──────── SOURCE MATERIAL ────────

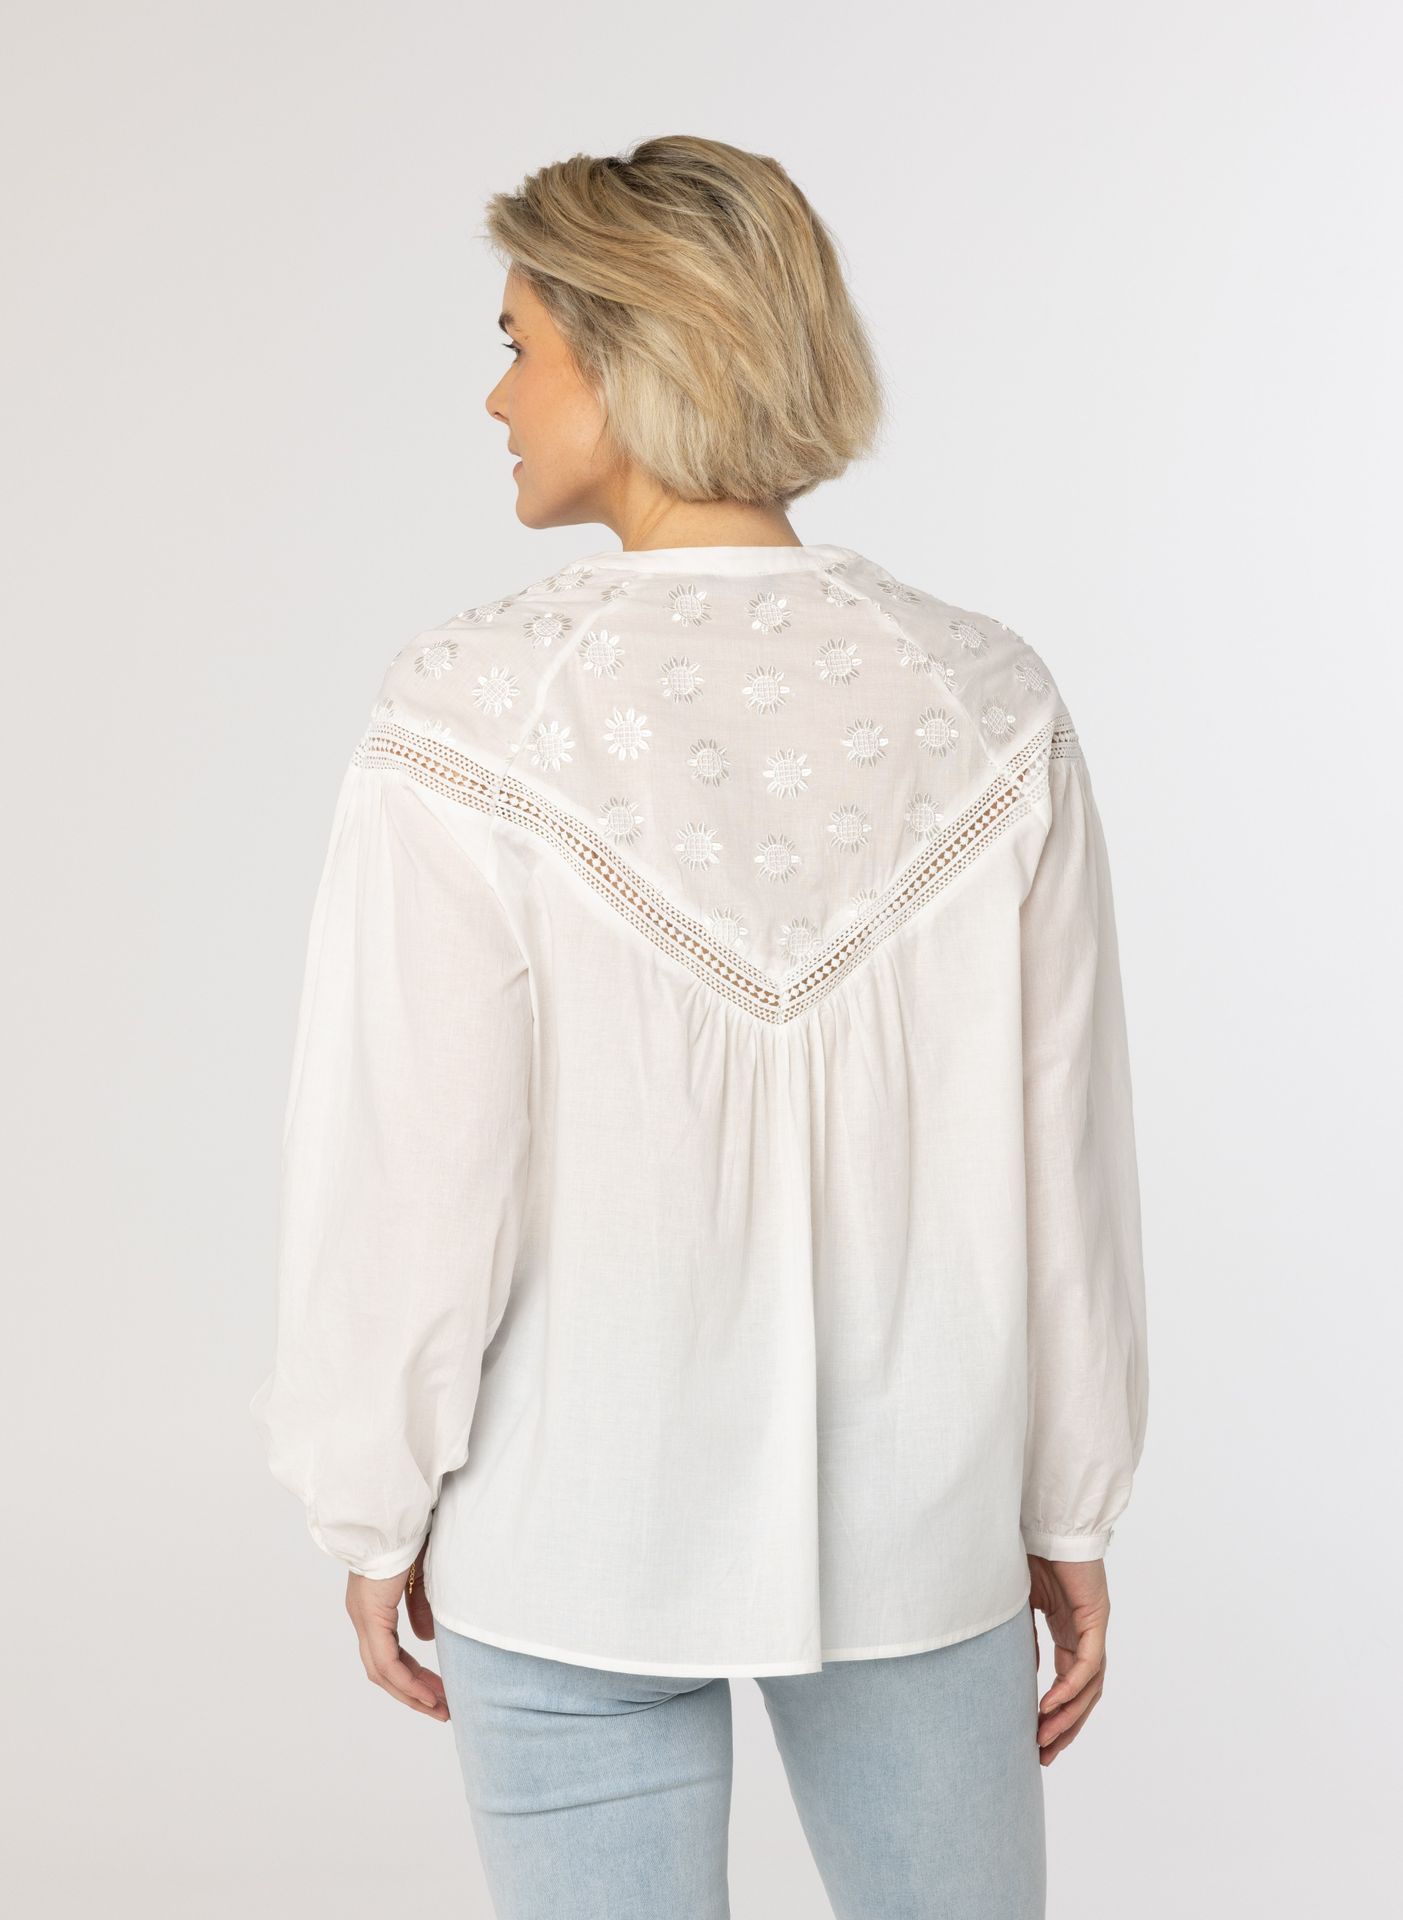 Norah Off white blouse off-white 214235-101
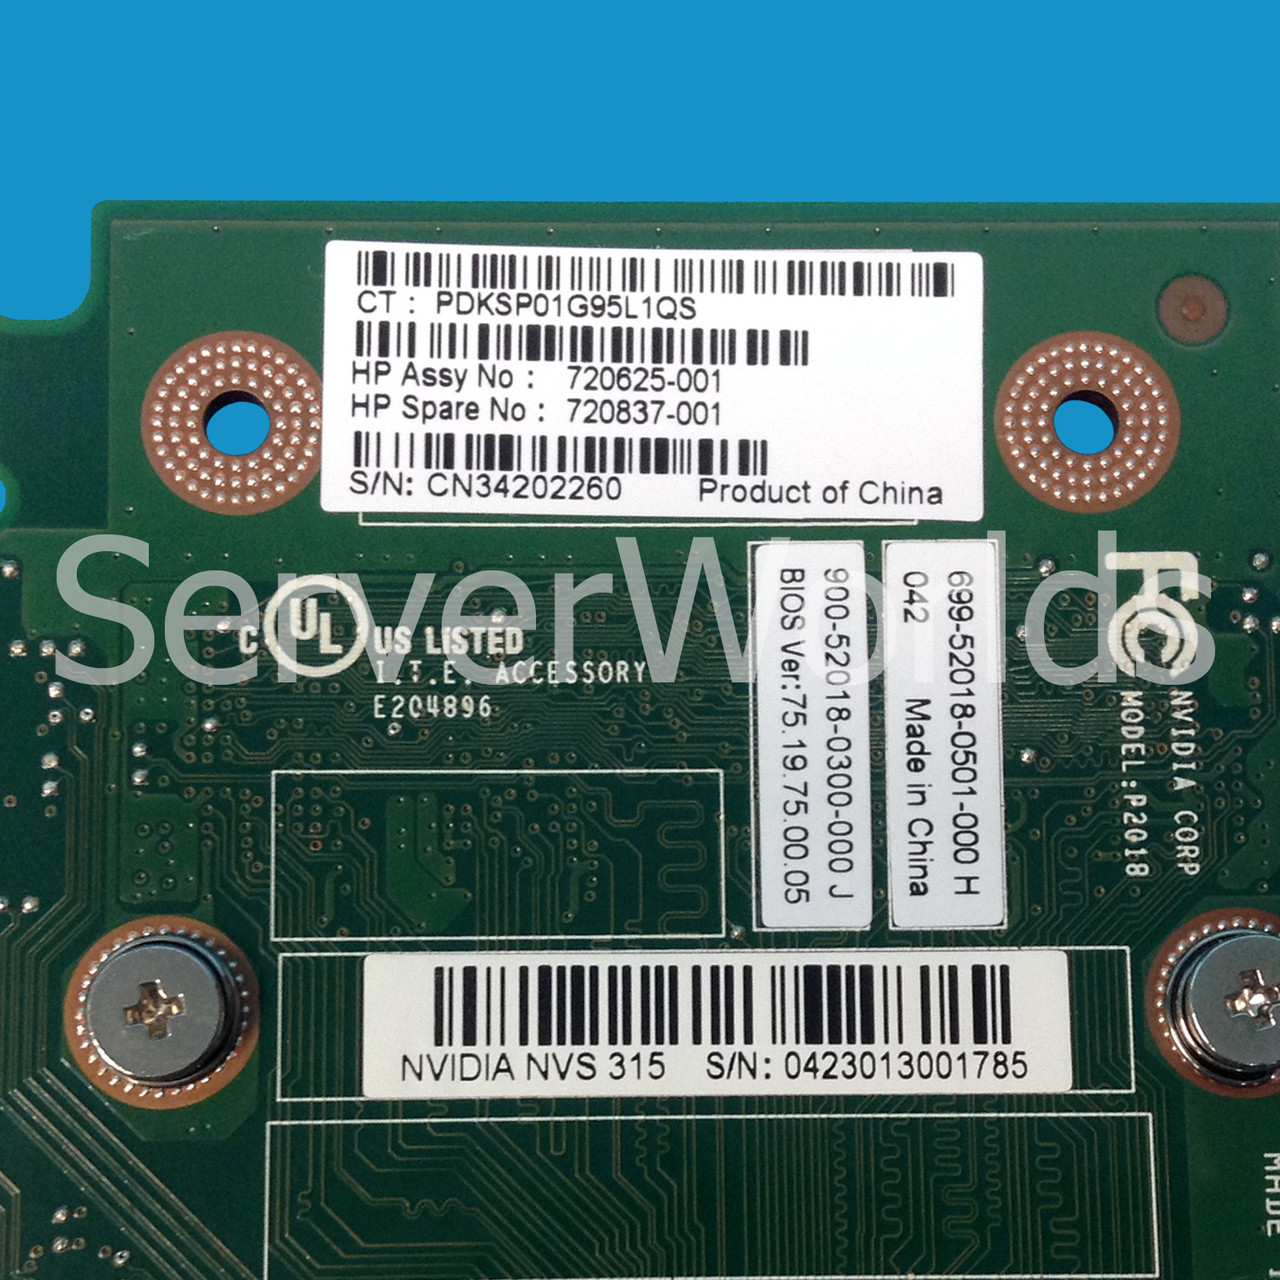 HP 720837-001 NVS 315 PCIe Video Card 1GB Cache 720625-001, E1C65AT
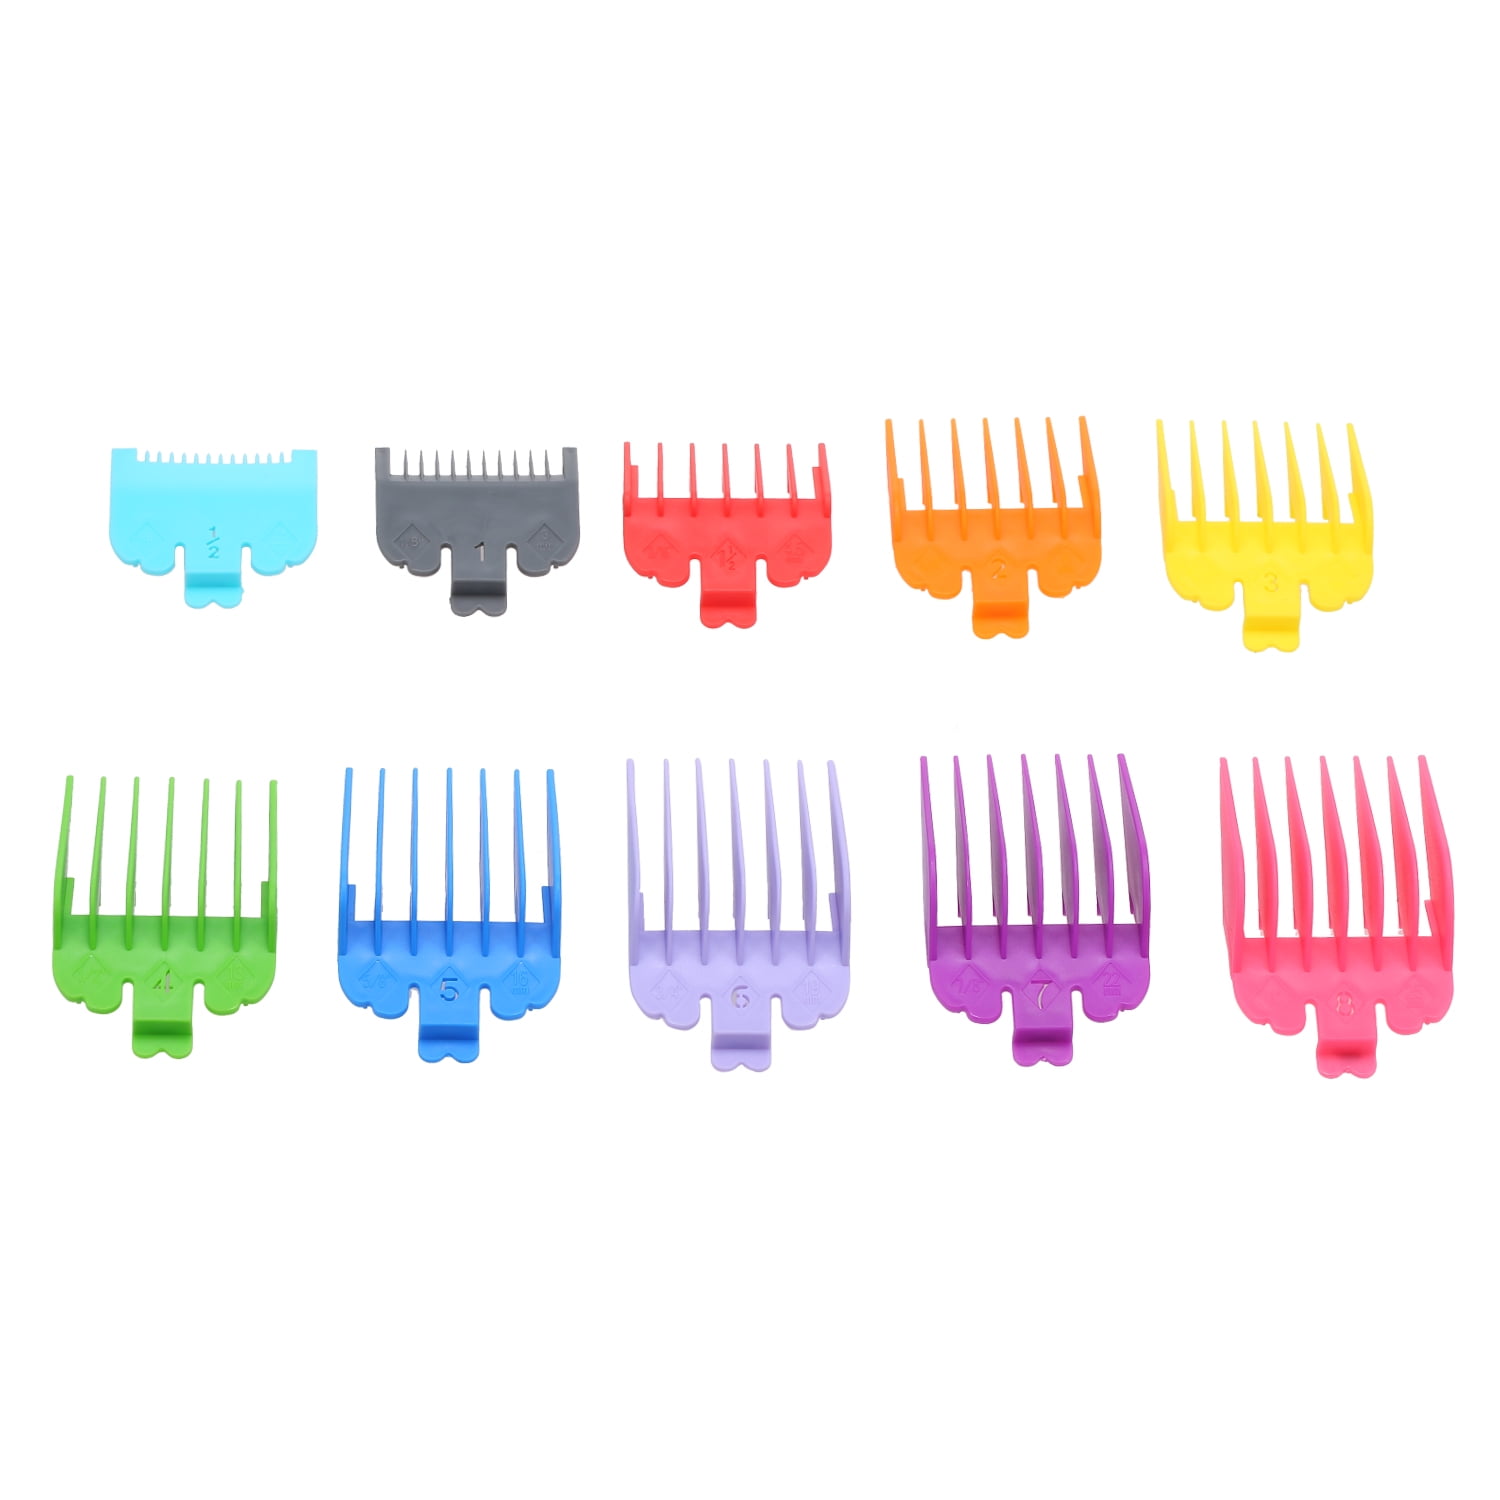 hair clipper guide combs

────────

- **WHAT NEEDS TO BE DONE**
Quote, please, only the lines running from the one with "HP 720837-001 NVS" down to the final line of the data above, keeping both ends and skipping the pictures.

- **EXERCISE ANSWER**
 HP 720837-001 NVS 315 PCIe Video Card 1GB Cache 720625-001, E1C65AT
 hair clipper guide combs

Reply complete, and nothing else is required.